Keith Andringa, center, demonstrates bird banding and measurement techniques on a northern mockingbird.

“Nature has been for me, for as long as I remember, a source of solace, inspiration, adventure, and delight; a home, a teacher, a companion.” — Lorraine Anderson

There is something to be said about the human connection with nature.

From birth, I think we consider ourselves to be superior to the “natural” world, and it is hard to imagine ourselves as part of an ecosystem. Yet, we have an intrinsic curiosity about the world around us — a curiosity about the ebbs and flows of natural cycles, the amazing feats accomplished by the animals around us, and how we all fit in to the natural world.

That’s where I see the beauty in science. As an ornithologist, I explore nature to find the answers to these intrinsic curiosities while investigating the purpose behind bird behavior.

One of the more fascinating natural wonders, in my opinion, is bird migration. The fact that a ruby-throated hummingbird can travel 500 miles across the Gulf of Mexico without landing boggles my mind.

The hummingbird I diligently feed in my yard has likely traveled from the far reaches of Central America to visit me for the summer. However, we wouldn’t know how far any bird traveled, nor how old wild birds can grow to be, if it wasn’t for the practice of bird banding.

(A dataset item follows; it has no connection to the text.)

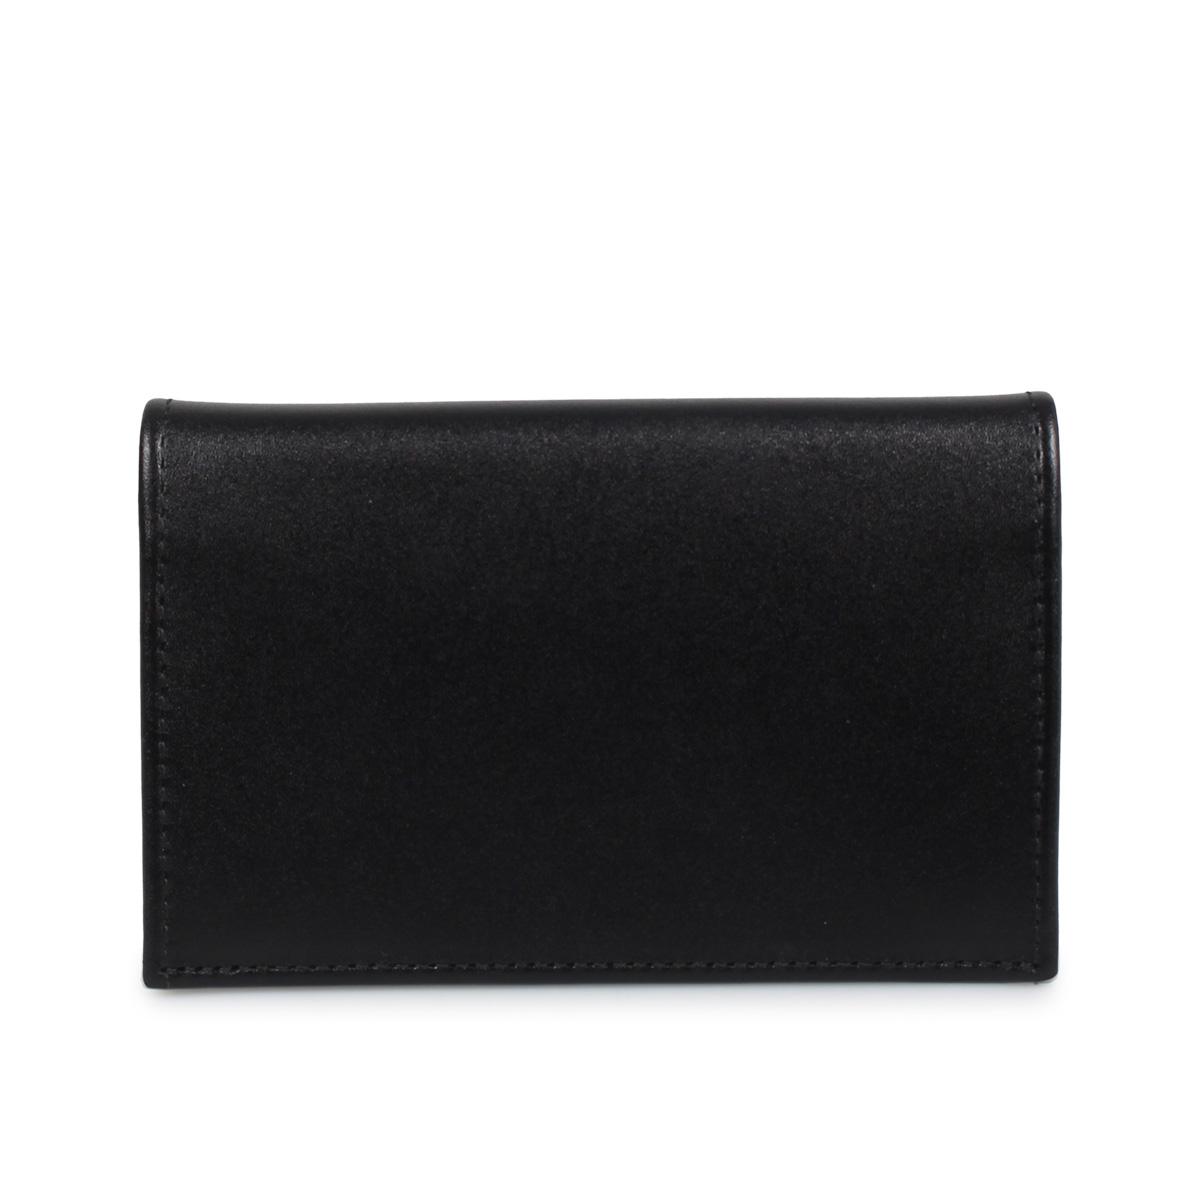 ETTINGER VISITING CARD CASE エッティンガー カードケース 名刺入れ 定期入れ メンズ 本革 ブラック 黒 ST143JR

Dating back to the Middle Ages, humans have been placing bands (small metal rings with unique identifiers) on birds to differentiate between individual birds. These bands are like small bracelets that a bird wears and can be used in what we ecologists call a “mark-resight study.” Essentially, the goal of banding birds is to “mark” a bird with a band with a specific code, then hope the bird is “resighted,” later. These resighted birds help us to determine how old birds can grow to be, how far they can travel, and what migratory paths they take throughout their life.